Multiple options can be ORed together; for example, IPRSE_ALLOC | IPRSE_PRINT.

errheader
A string that identifies the program calling the parser. This string is printed out as part of the error message text if the IPRSE_PRINT option is specified.

Normal return

IPRSE_parse returns the number of parameters that have been parsed and put in the result structure. For example, a return code of 3 would mean that 3 parameters were parsed from an input string that contained 3 parameters.

Note: The return code must be used to count the nodes when traversing the result.

Error return

IPRSE_parse detects errors in the input string and in the grammar.
  • Error in Input String
    • Return Codes
      -1
      The input string is a question mark (?) or HELP (represented by symbolic IPRSE_HELP).
      0
      The input string does not meet the requirements of the grammar (represented by symbolic IPRSE_BAD).
    • Error Messages
      The IPRSE_parse function issues the following messages. The cccc represents the errheader parameter that is printed after the message header; it shows which function or program was calling IPRSE_parse when the error occurred. All messages will be sent via the wtopc function without chaining.
      PRSE0001E
      cccc - TOO MANY PARAMETERS ENTERED
      PRSE0004E
      cccc - INVALID USE OF PERIOD
      PRSE0005E
      cccc - INVALID ALPHANUMERIC CHARACTER
      PRSE0006E
      cccc - INVALID DECIMAL CHARACTER
      PRSE0007E
      cccc - INVALID CHARACTER
      PRSE0008E
      cccc - INVALID HEXADECIMAL CHARACTER
      PRSE0009E
      cccc - MANDATORY PARAMETER NOT GIVEN

      If the system can determine the last parameter in error, the message indicates the last parameter in error by adding the PARAMETER IN ERROR IS text and the parameter value.

      PRSE0011E
      cccc - INVALID INPUT PARAMETER

      If the system can determine the last valid parameter, the message indicates the last valid parameter by adding text that states LAST VALID PARAMETER IS and the parameter value. If a keyword was found to be in error, text will be added that states ERROR IN KEYWORD and the keyword.

      PRSE0014E
      cccc - TOO MANY CHARACTERS ENTERED
      PRSE0015E
      cccc - TOO FEW CHARACTERS ENTERED FOR PARAMETER
  • Error in Grammar
    • 00006F system error messages are displayed in console or dump when the grammar syntax is in error.
  • 0007B system error messages occur when the parser is unable to obtain needed heap storage.
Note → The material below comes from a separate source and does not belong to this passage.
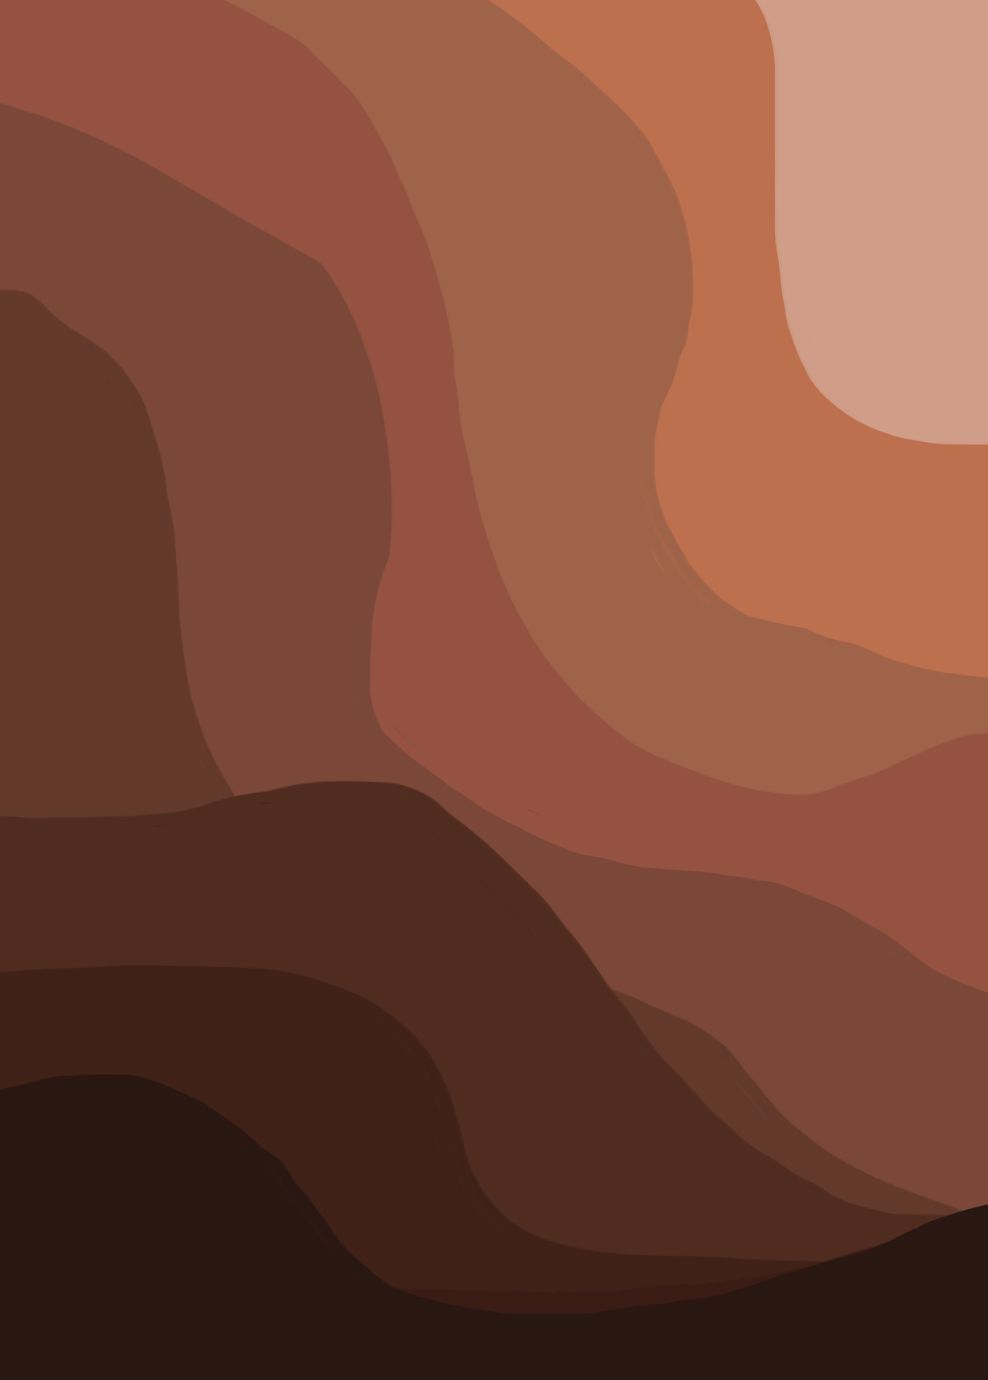 A warm-toned abstract image of layered brown shapes. - Terracotta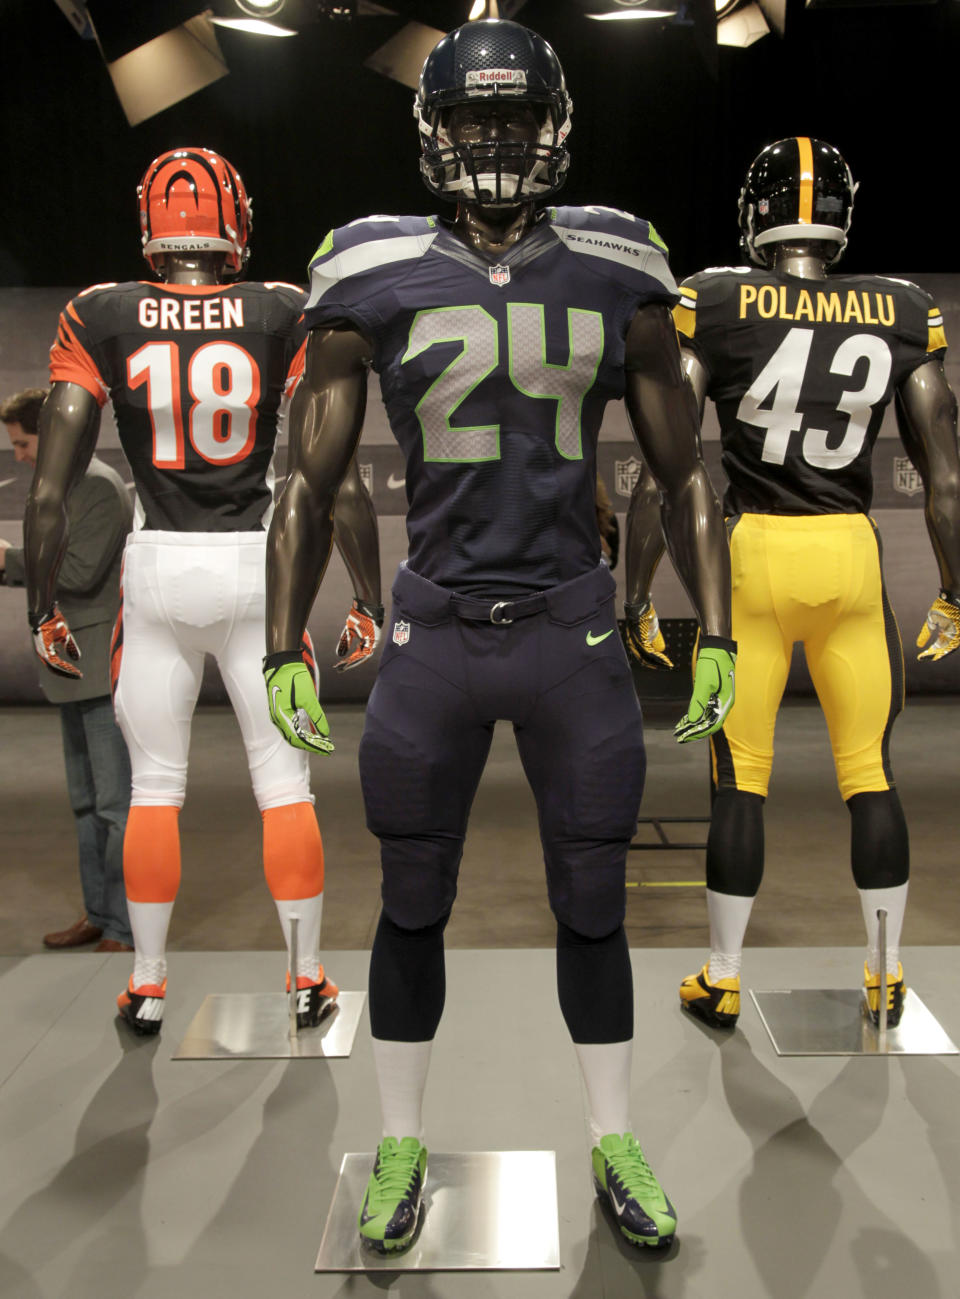 The new Seattle Seahawks uniform, foreground, Pittsburgh Steelers, rear right, and Cincinnati Bengals, rear left, are displayed on mannequins during a presentation in New York, Tuesday, April 3, 2012. The NFL and Nike showed off the new gear in grand style with a gridiron-themed fashion show at a Brooklyn film studio. (AP Photo/Seth Wenig)

Programming considerations

  • Always code the IPRSE_ALLOC option. IPRSE_NOALLOC and the IPRSE_bldprstr are supported only for code that was written before the IPRSE_ALLOC option was available.
  • For information on creating a grammar, see Defining a grammar.

Examples

A series of examples follows, the first of which is a complete program for creating and parsing with a grammar. All of the other examples show a grammar, its input string, and the IPRSE_output structure.

The number of parameters found is returned if the string complies with the grammar conventions. See Defining a grammar for additional information.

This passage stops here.